ASCO 2025 – zilo-V adds a patient death to its tox tally

A relapsed/refractory lymphoma study of Merck & Co's zilovertamab vedotin has shown similar toxicity concerns to those seen in the first-line setting. True, the worst adverse events again came at a dose slightly higher than that being taken forward in phase 3, but there's now a patient death to contend with, ASCO heard on Friday.

As for efficacy, a headline response rate of 56% was seen among 16 subjects given the go-forward 1.75mg/kg zilo-V dose. While that's better than historical numbers, the ASCO discussant noted more impressive efficacy on a cross-trial basis for other novel combos, including those of Roche's Columvi and Genmab's Epkinly, in a similar setting.

The phase 2/3 study presented at ASCO is Waveline-003, combining zilo-V with Rituxan/gemox chemo. The data concerned an uncontrolled dose-confirmation stage, but the trial's phase 3 portion is now now enrolling 200 patients across two cohorts, zilo-V plus R-gemox and a comparator of R-gemox alone.

Presenting the results, Dr Philippe Armand of Dana Farber said zilo-V efficacy was similar for 1.75mg and 2.0mg/kg doses, with ORRs of 56% and 57% in 16 and seven patients respectively.

Source: Dr Philippe Armand & ASCO.

However, all 16 patients in the go-forward dose group experienced drug-related adverse events, including five rated serious and 10 at grades 3 to 4. Even worse was the only slightly higher 2.0mg/kg dose, where two subjects discontinued owing to sepsis or respiratory fatigue, and a third patient died of sepsis.

In the first-line phase 2 Waveline-007 study, presented at last year's ASH, there were similar concerns over zilo-V doses of 2.0mg/kg or above; 1.75mg/kg itself had a profile suggesting that Merck was treading a fine line in seeking a therapeutic window. However, there were no zilo-V-related deaths.
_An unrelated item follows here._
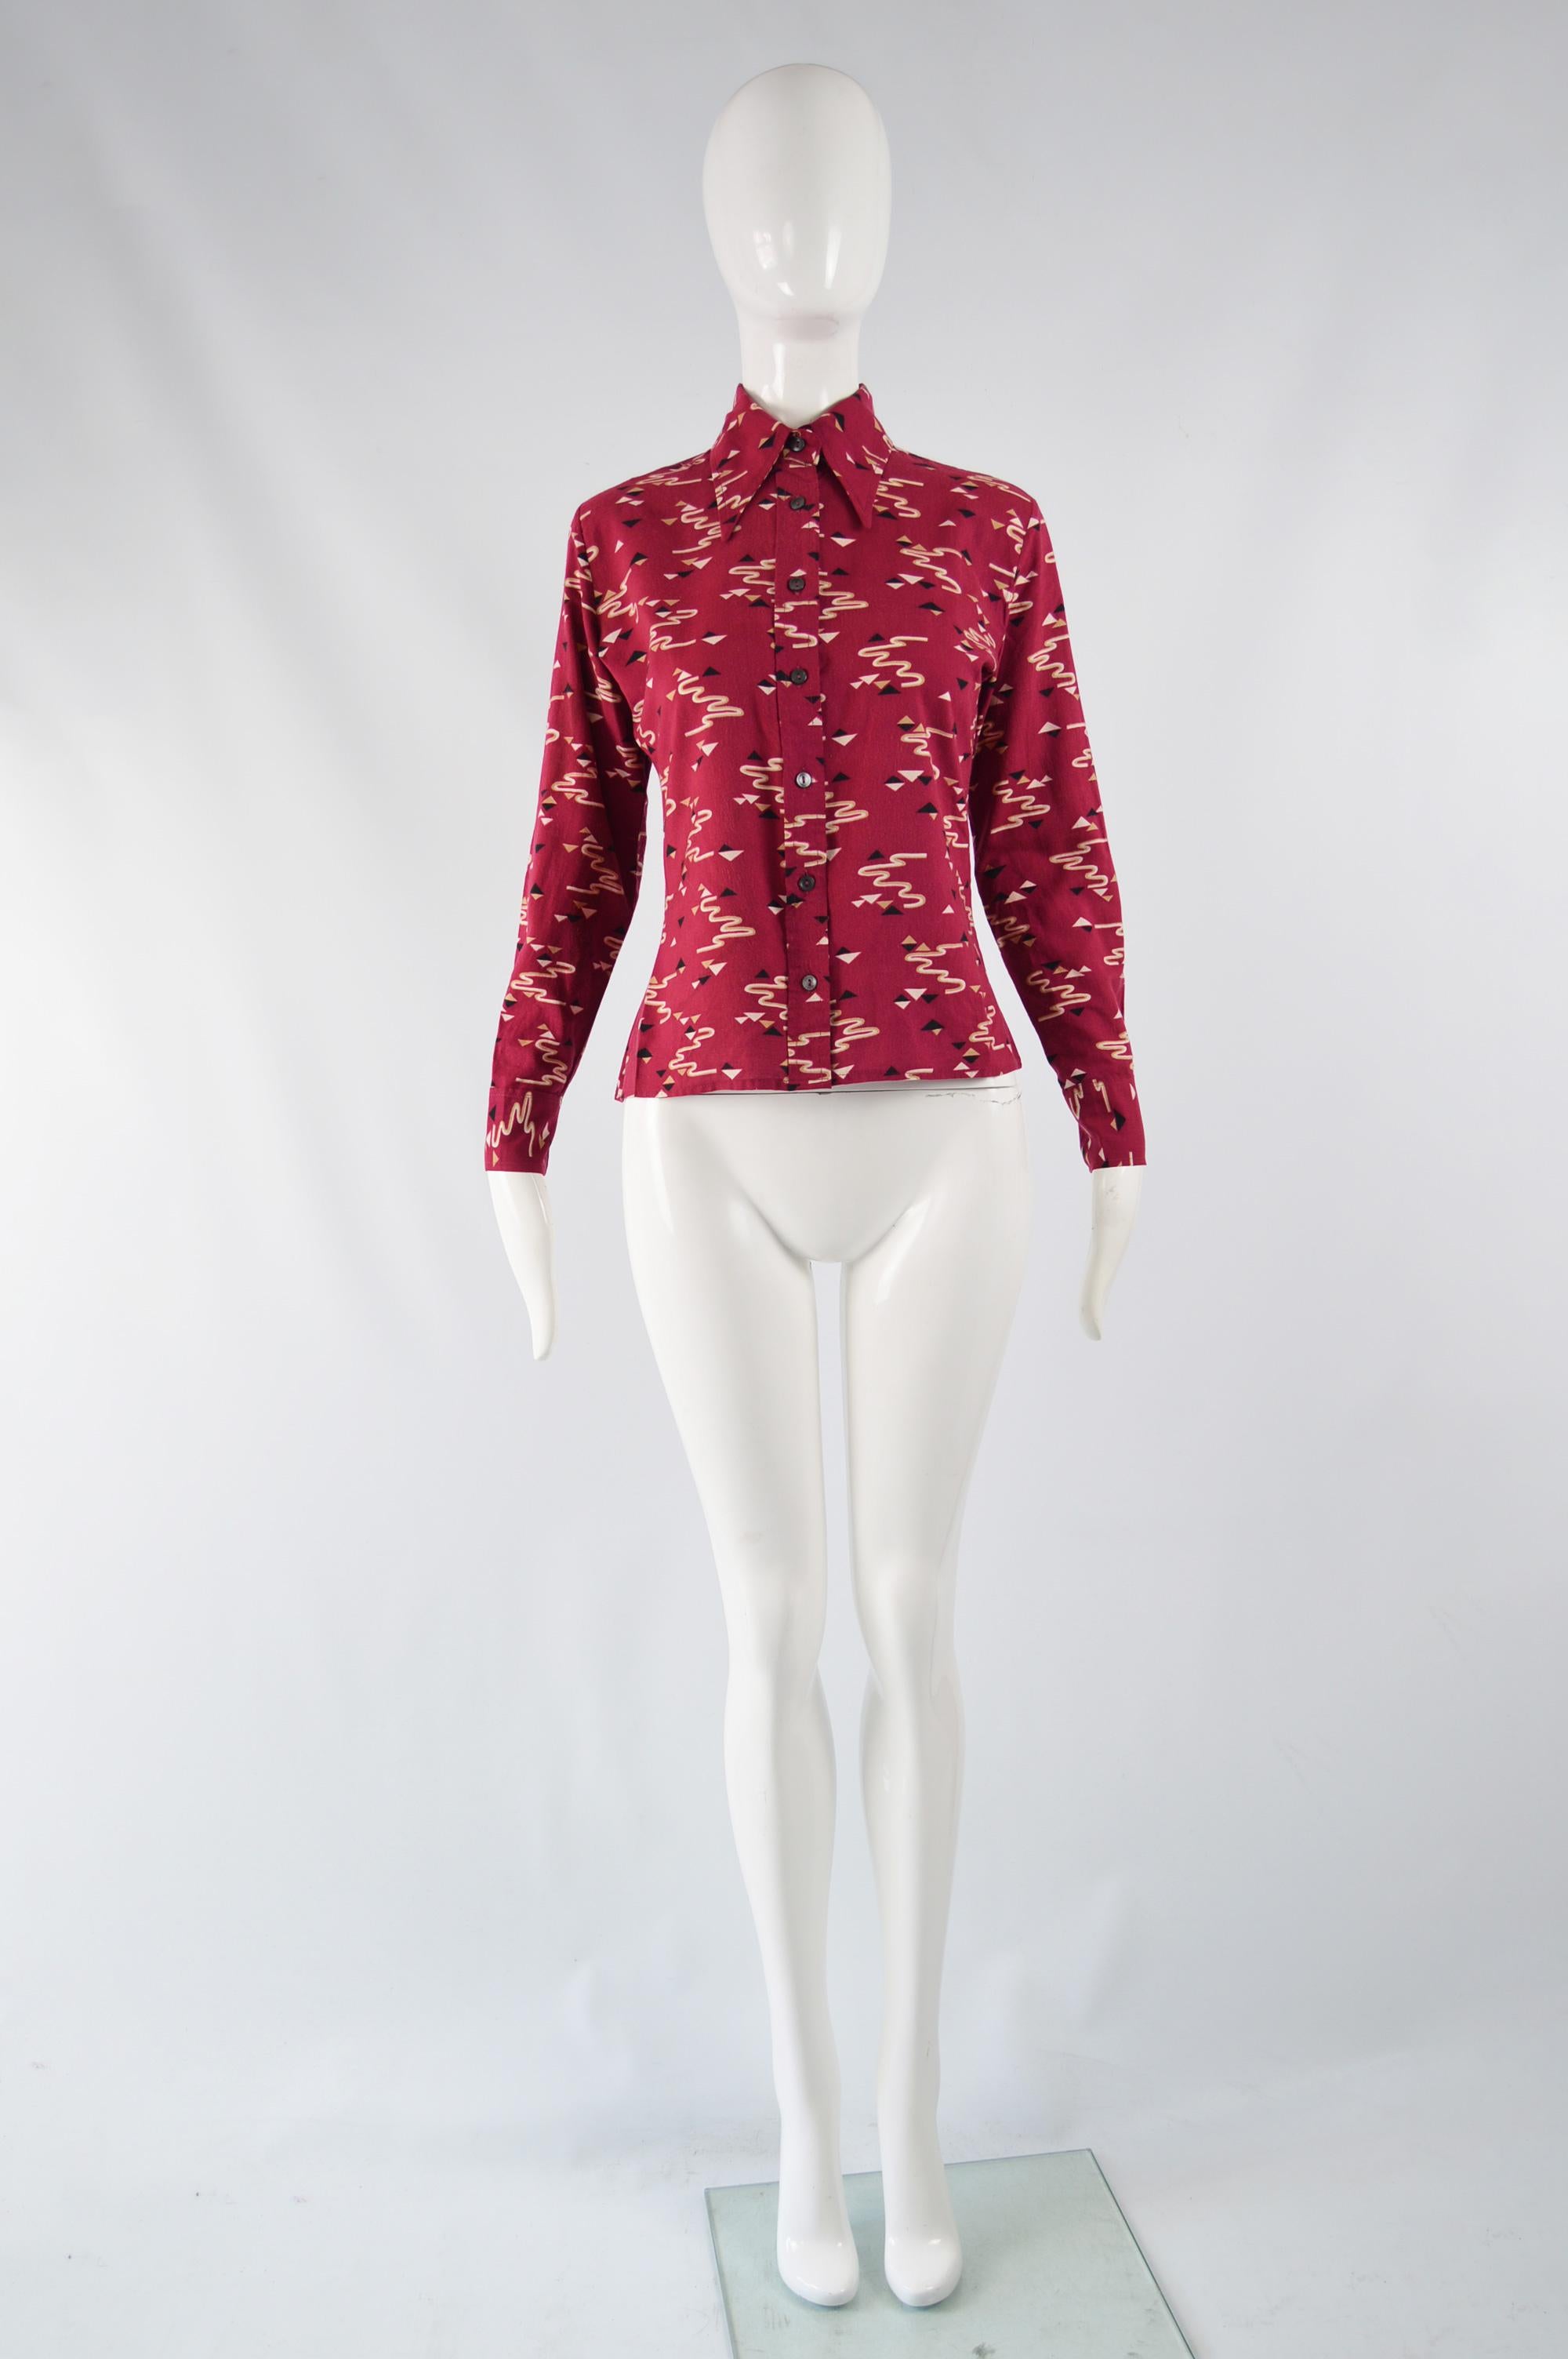 A fabulous vintage women's blouse / shirt by legendary French fashion designer, Pierre Cardin. In a red acrylic knit with Cardin's famous love of geometric shapes shown through the futuristic pattern and long, pointed collar. It has a slim fit and

Zilo-V is an anti-ROR1 ADC, and first-line lymphoma is its other phase 3 setting, in the Waveline-010 trial.

Old and new comparators

Armand argued that response rates in Waveline-003 compared well against historical numbers for R-gemox. This is true to an extent for ORR (40-50% for R-gemox), and especially so for rates of complete remission: about 30% in the historical data, against 50% for zilo-V's 1.75mg/kg dose.

However, discussing the results, Cleveland Clinic's Dr Paolo Caimi pointed to recent trials of R-gemox combos of Columvi and Epkinly in relapsed lymphoma. The former showed ORR and CR rates of 68% and 59% respectively in the Starglo study, while the latter yielded 85% and 61% in Epcore NHL-2.

What's more, Caimi said Waveline-003 patients appeared not to have been heavily pretreated, having received a median of two prior therapy lines, and only two of 40 having had prior Polivy. In summary, Caimi said Merck's data were "not (yet) practice changing".

Such issues are relevant in light of the $2.8bn that Merck paid to acquire VelosBio, zilo-V's originator. The project is still in play, but it risks being overtaken by others, as well as having a seemingly narrow therapeutic window.